Mexico’s national security commissioner has rejected a claim that the new federal government will inherit a security situation that is “in ruins.”
In an interview with Milenio Televisión, Renato Sales conceded “there are many [security] problems” in the country but argued that the strategies adopted by the current federal government to combat them have been the right ones.
“. . . I would have to say that we’re not in the best of possible worlds in the matter but nor are we, I believe, on the wrong path. I believe that what has been done during the administration of President Enrique Peña Nieto on security is correct,” he said.

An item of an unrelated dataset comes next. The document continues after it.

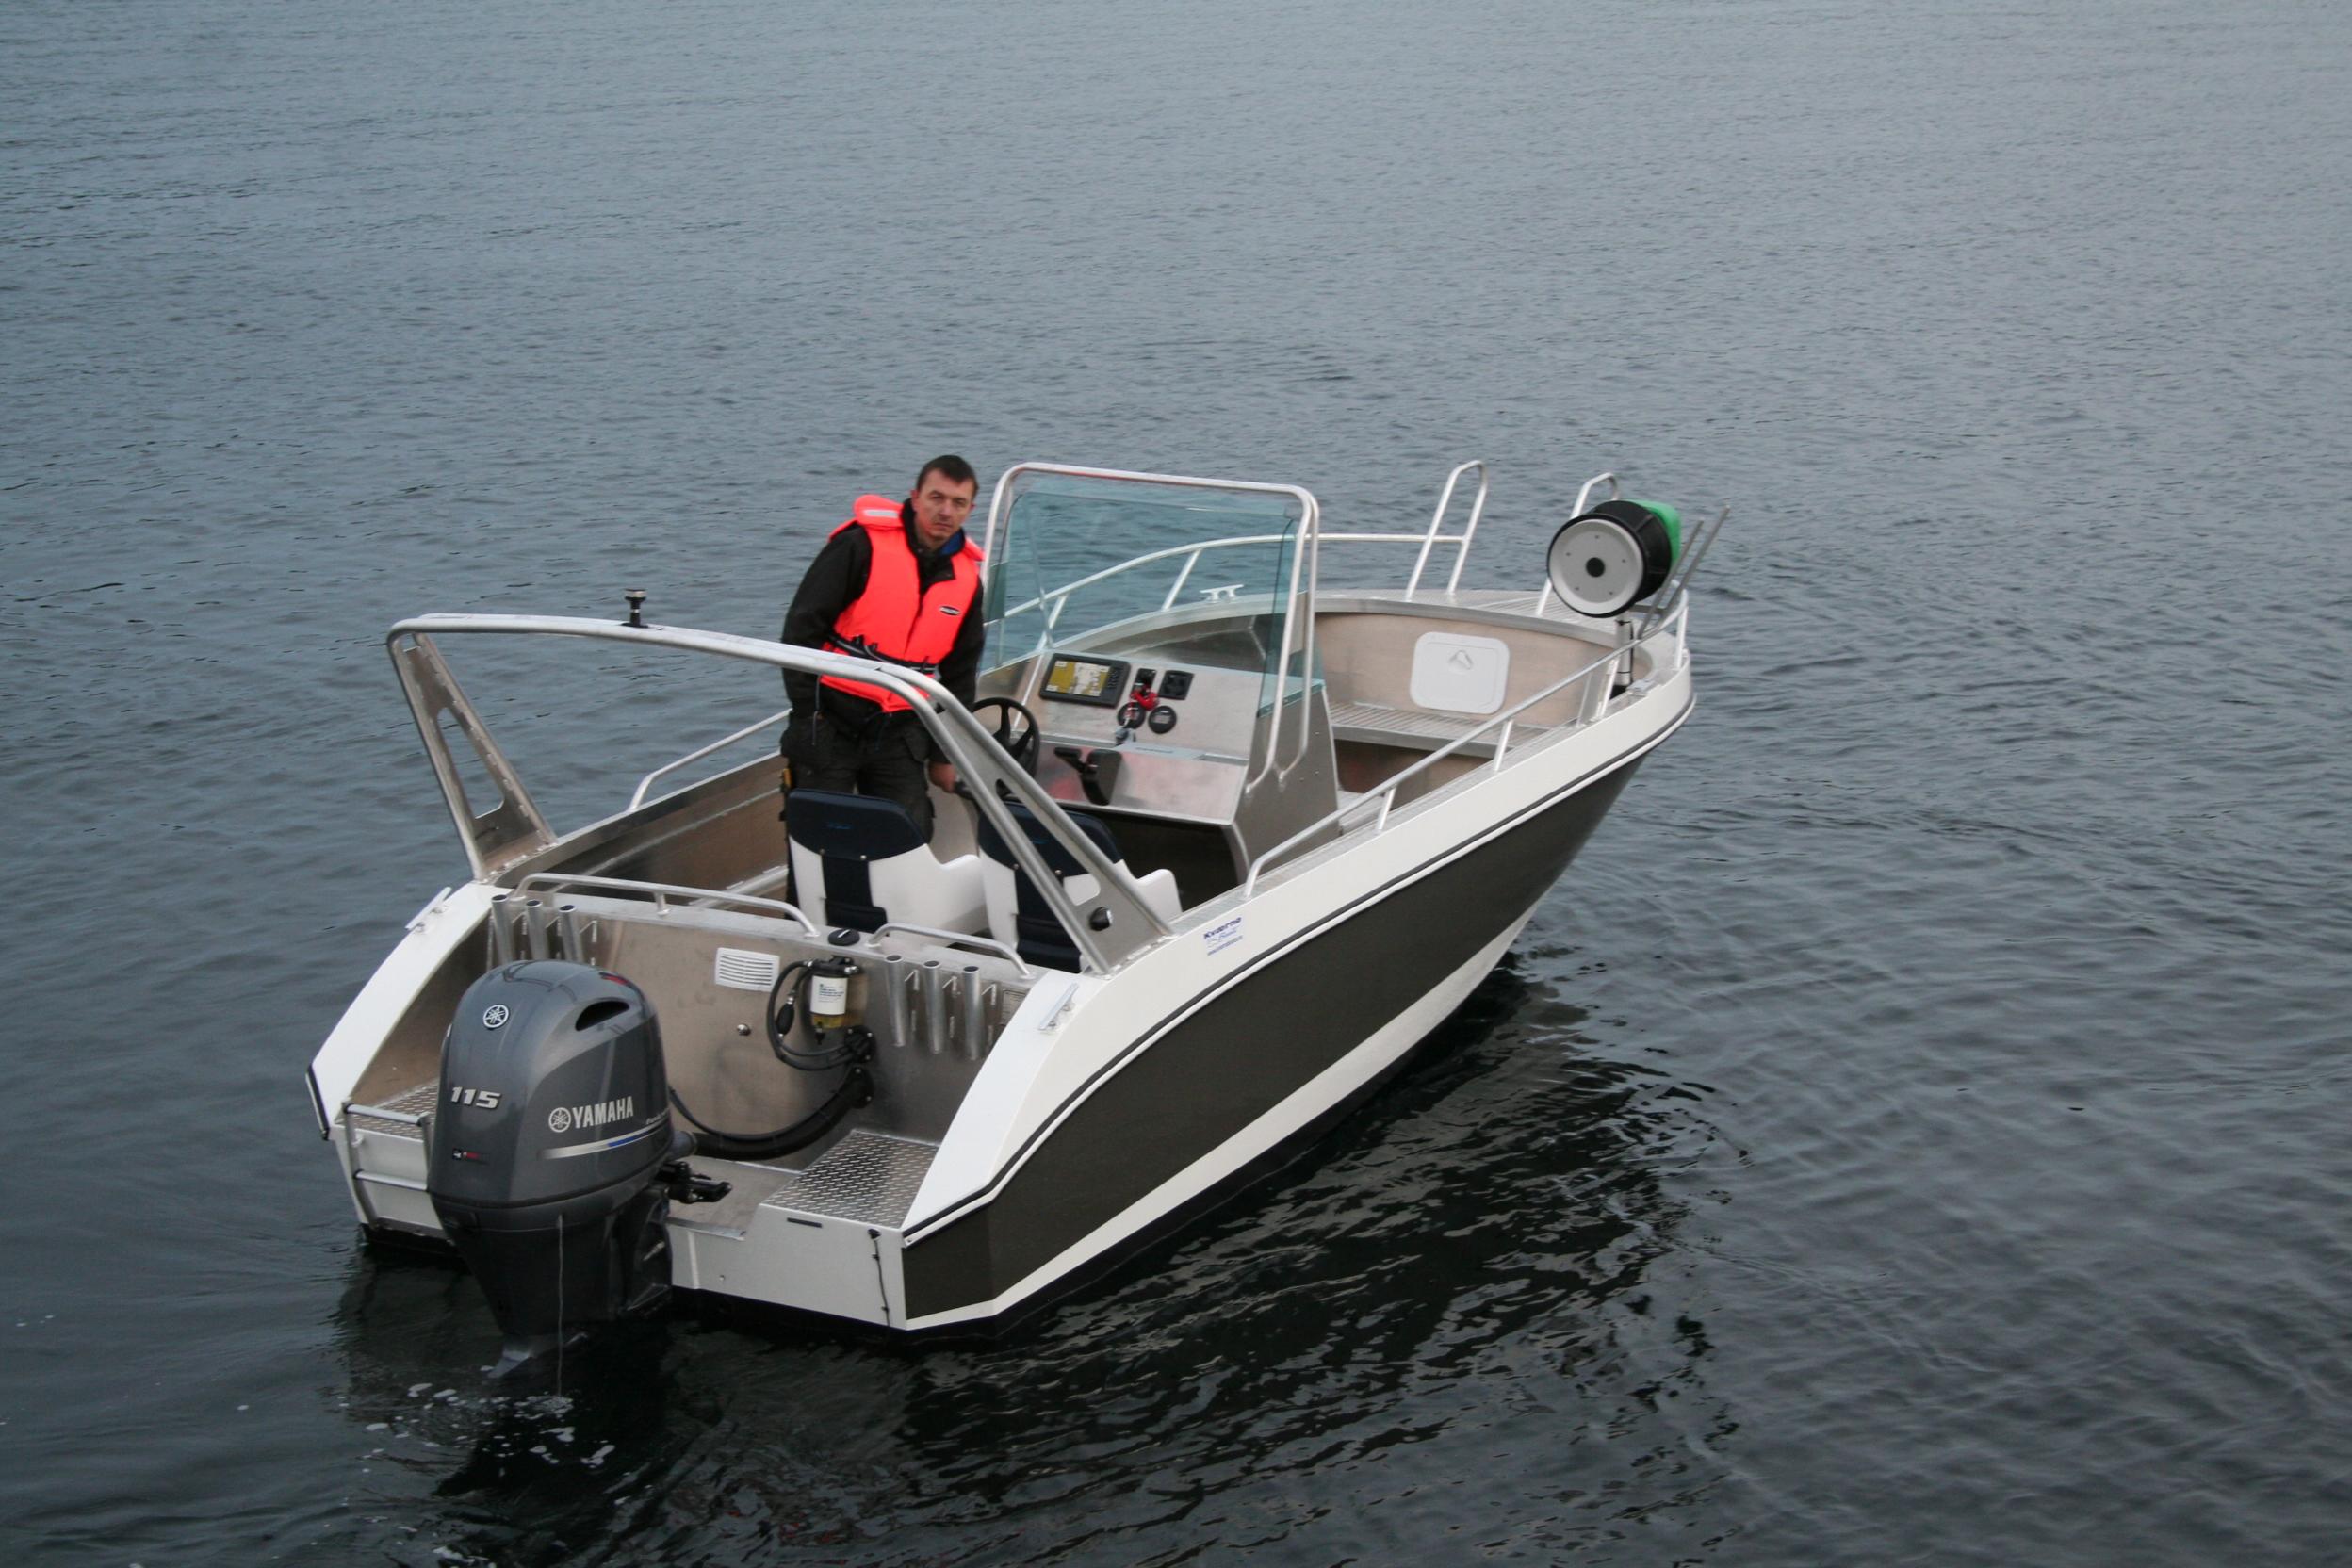 kværnø boat

Alfonso Durazo, president-elect Andrés Manuel López Obrador’s nominee to head up a newly created Secretariat of Public Security, said at last week’s peace forum in Morelia, Michoacán, that “the next government will receive a security [situation] in ruins.” That, he said, “speaks to the scale of the challenge we will have to face.”
He also said assertions that Mexico had turned into a grave were “deserved.”
The incoming government has indicated that it intends to make significant changes to Mexico’s security strategy, which could include implementing an amnesty law that would pardon low-level criminals and legalizing some drugs.
Mexican and U.S. law enforcement authorities last week announced new security strategies including the creation of a joint investigative team that will target the leaders and finances of Mexican cartels.
But Durazo indicated that the next government would not treat combating cartel leaders and cartel finances as equal priorities.
“It will be more important to go after drug trafficking money than the drug traffickers themselves,” he said, explaining that the former was most crucial to their capacity to operate.
While Sales agreed that “you have to go after the money of these people,” he also charged that the targeting of organized crime bosses, as has occurred under the current administration, should continue, highlighting that 110 of 122 priority targets have been arrested during Peña Nieto’s term.
“. . . Capturing them is very important and it has had a very good influence [on the security situation]. Are we going to allow these targets to continue operating? . . . The arrests have reduced the rates of violence and homicides,” he said.
Sales added that some constitutional and legal modifications are needed in order to better combat crimes such as arms trafficking and money laundering but stressed that wholesale changes to the security strategy were not required.
“I would not be of the opinion that what has been done in this and other administrations [needs to be] radically dismantled,” he said.
Asked why homicide numbers have spiked in the past two years, the security commissioner said the government would need “to be self-critical and review the internal and external factors” that allowed the current administration to initially reduce the homicide rate before it increased again.
Last year was the most violent in at least two decades with more than 31,000 homicides, according to figures reported by the federal statistics agency last month.
However, Sales said that violence in states such as Tamaulipas and Michoacán has decreased in comparison with times in the past when cartels such as the Zetas were directly attacking the civilian population.